- Directed by: Roberto Mauri
- Screenplay by: Roberto Mauri; Edoardo Mulargia;
- Produced by: Domenico Seymandi
- Starring: Richard Lloyd; Mario Novelli; Claudie Lange; Anthony Steffan;
- Cinematography: Romolo Garroni
- Edited by: Enzo Alabiso
- Production company: IFESA
- Distributed by: Variety Distribution
- Release date: 18 December 1964 (Italy);
- Running time: 90 minutes
- Country: Italy

= The Invincible Brothers Maciste =

The Invincible Brothers Maciste (Gli invincibili fratelli Maciste) is a 1964 Italian peplum film written and directed by Roberto Mauri.

==Plot==

Two Herculean warrior brothers battle to save their prince from the clutches of an evil queen, in a hidden world lurking behind a giant waterfall.
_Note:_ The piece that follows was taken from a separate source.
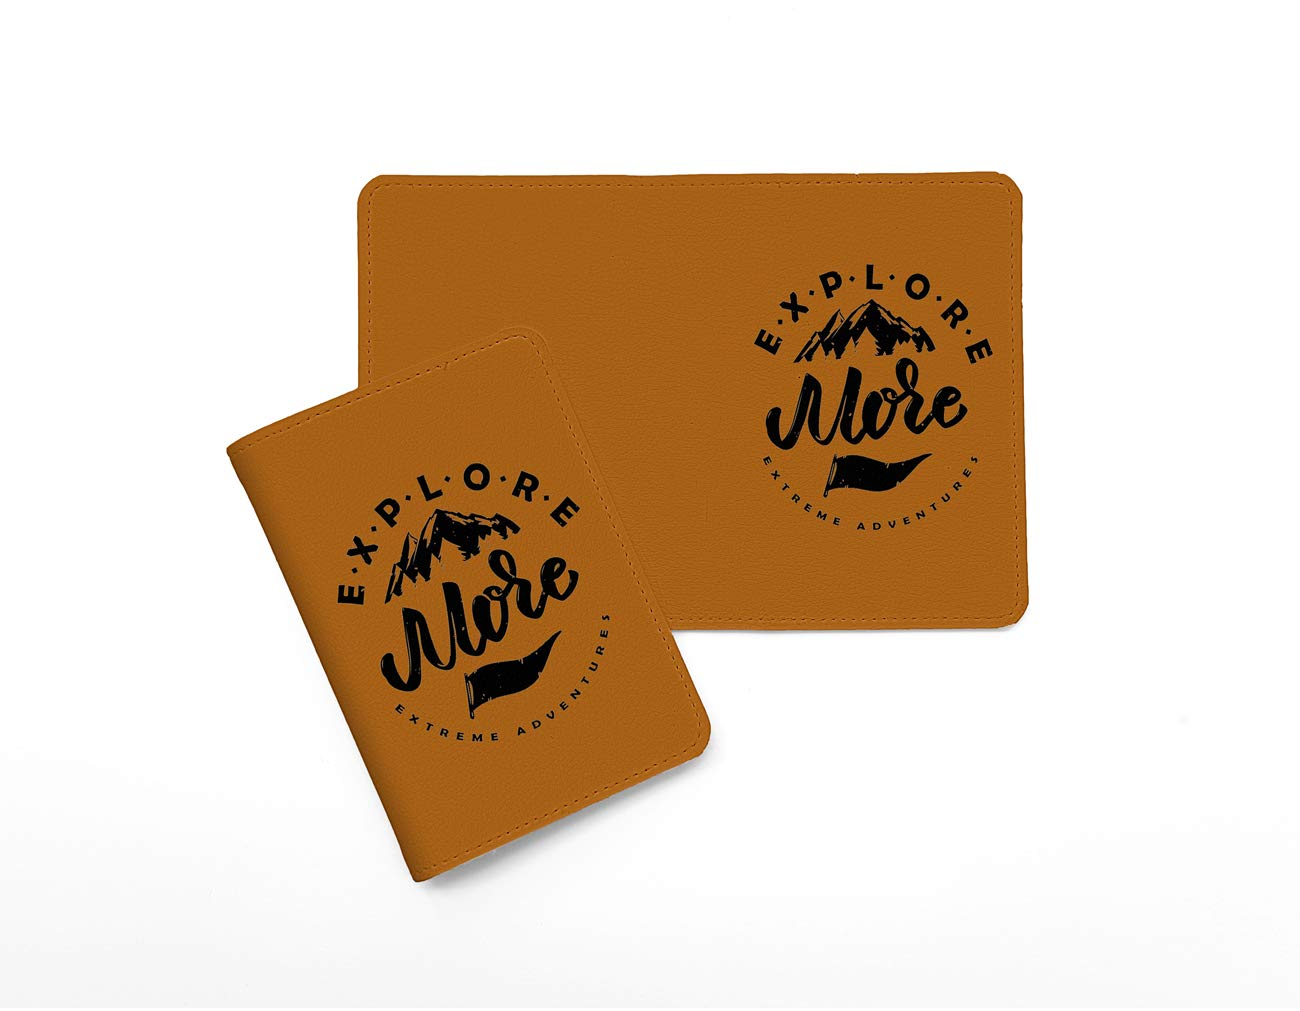 Explore More Customized Cute Leather Passport Holder Passport Wallet/_SUPERTRAMPshop Passport Covers

The depraved queen practices mind-control and must force her slave population to continually turn a waterwheel lest their world come to an end.

==Cast==

- Richard Lloyd as Maciste The Old
- Claudie Lange as Queen Thaliade
- Tony Freeman as Maciste The Young
- Anthony Steffen as Prince Akim
- Ursula Davis as Jana
- Gia Sandri as Nice

==Release==
The Invincible Brothers Maciste was released theatrically in Italy on 18 December 1964. On its release in the United States, the film had a different running time of 92 minutes.